There are so many things that are wrong here. For instance:

  • No notification appeared in the Microsoft 365 admin center to inform administrators that these notifications would appear. The experience seems like a large-scale experiment to see how people will react to in-product ads.
  • Microsoft shouldn’t disrupt user workflow with unnecessary and unwanted notifications. Microsoft talks about removing friction from its apps and reducing context switches to allow people to work better. Popping up useless and unwanted notifications is distracting and intrusive.
  • People pay for Microsoft 365 as an enterprise app. Microsoft 365 is not a consumer app funded by advertising.
  • Blasting out notifications without administrator oversight (where’s the control in the Microsoft 365 admin center to block these ads?) might be considered to infringe user privacy.
  • Telling someone who works in Ireland about a conference in Las Vegas next month seems like a no-op. There’s very little trace of artificial intelligence and Microsoft’s famed telemetry here. I imagine that 99.9999% of the people who saw this pop-up have neither the budget nor the interest to go to a conference in Las Vegas, even if it is wall to wall with “experts.”

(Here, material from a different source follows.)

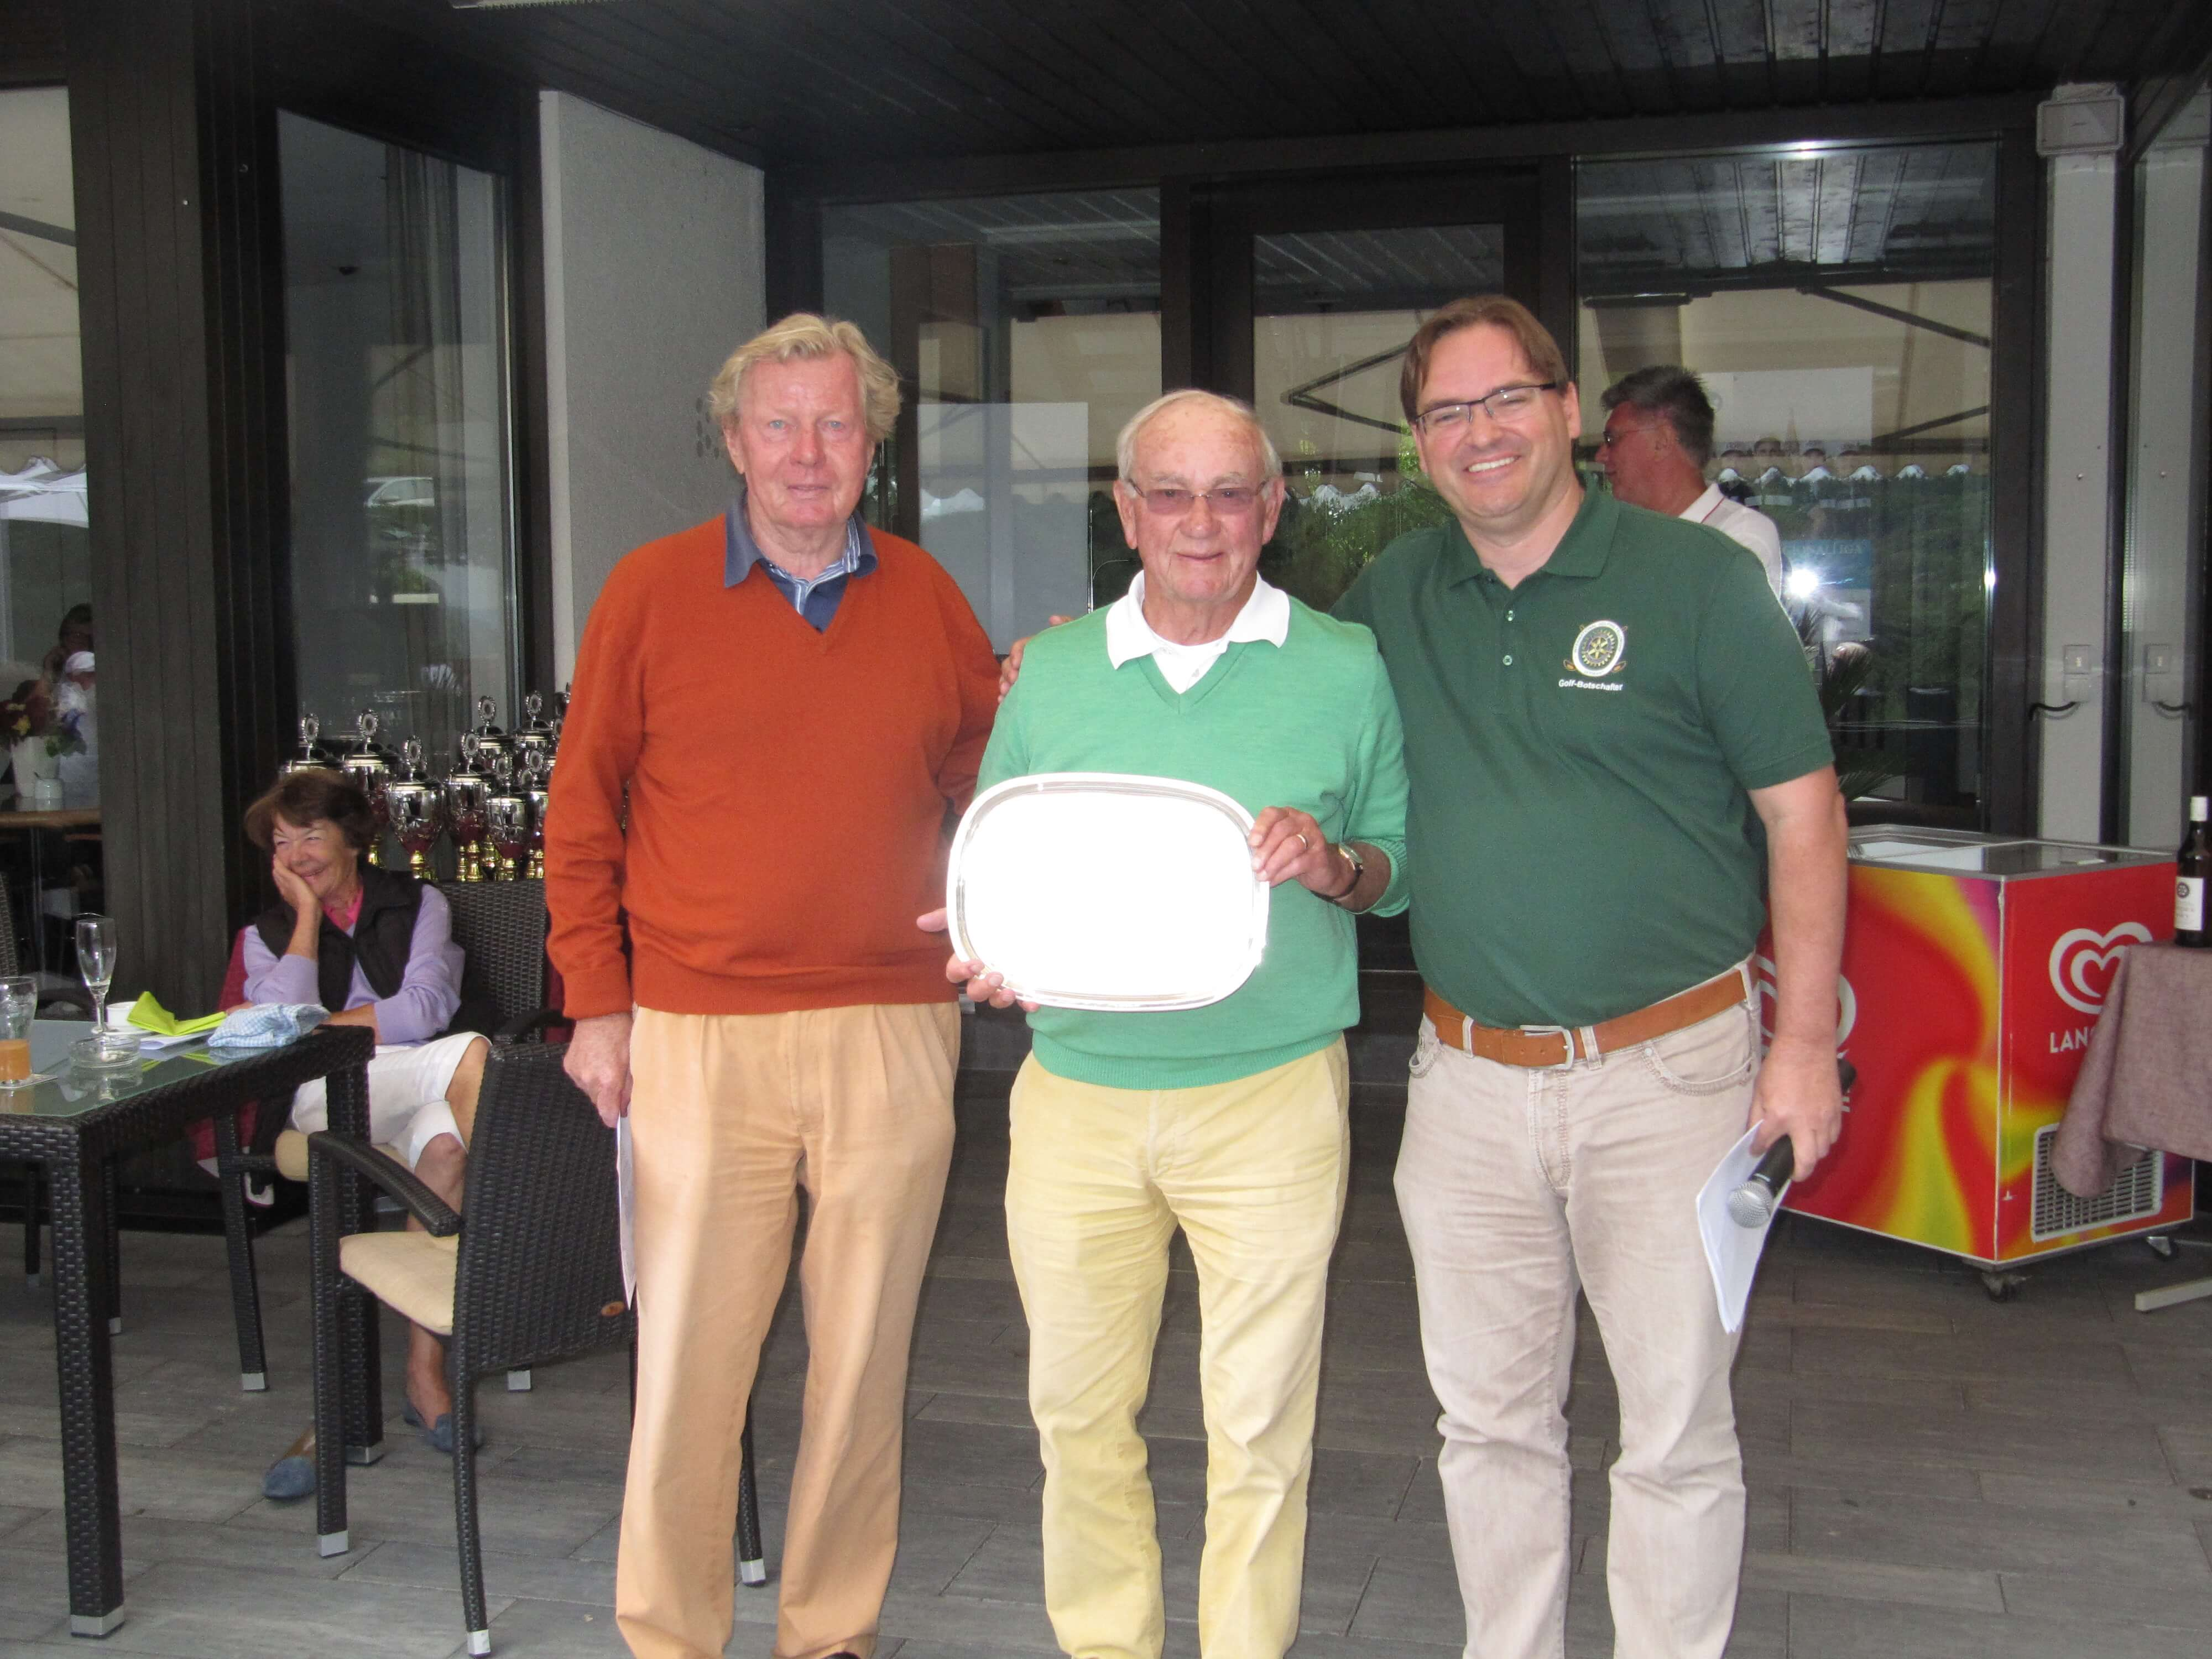 Sonderwertung Hermann Lindhorst Preis v.l.n.r. Hermann Lindhorst, Sieger Hartmut Strecker, VV Thomas Hasak

The only saving grace is that the link in the notification didn’t take the user to a portal to buy a conference ticket. Instead, it opened Microsoft’s post about their conference guide. Things could have been worse.

[Update: If you don’t like what Microsoft is doing with in-product ads, please upvote this feature request for SharePoint]

Why The Microsoft 365 Conference

I don’t understand why Microsoft tested in-product messaging with an ad for a third-party conference. The only reason I can think of is that Microsoft heavily invests in the Microsoft 365 conference with direct sponsorship payments and providing speakers for keynotes and sessions. In addition, the conference is coming up soon, so a certain rationale exists that this event was a good one to test.

I personally don’t like the Microsoft 365 conference very much because I think it focuses too heavily on certain parts of the ecosystem (like SharePoint and Teams) and focuses too much on new features. For instance, if you attend the conference, you’ll hear a lot about Microsoft 365 Copilot, the Loop application, the Viva suite, and the new Teams client. That’s all very well and the content satisfies the need for many in the technical community, but the coverage of Exchange Online (the largest workload in Microsoft 365) and Azure AD (the underpinning of all authentication in Microsoft 365) is poor. I think other conferences, like the European SharePoint, Office 365, and Azure Conference or The Experts Conference achieve better balance in their coverage of Microsoft 365 technology.

What’s Next?

I hope Microsoft decides that in-product messaging is a horrible idea for Microsoft 365. I hope that customers tell Microsoft that they hate pop-ups about random conferences or anything else. I don’t want to be interrupted with “important messages” about random happenings as I work in Microsoft 365 browser apps. Life has quite enough interruptions without software surfacing more unnecessary distractions.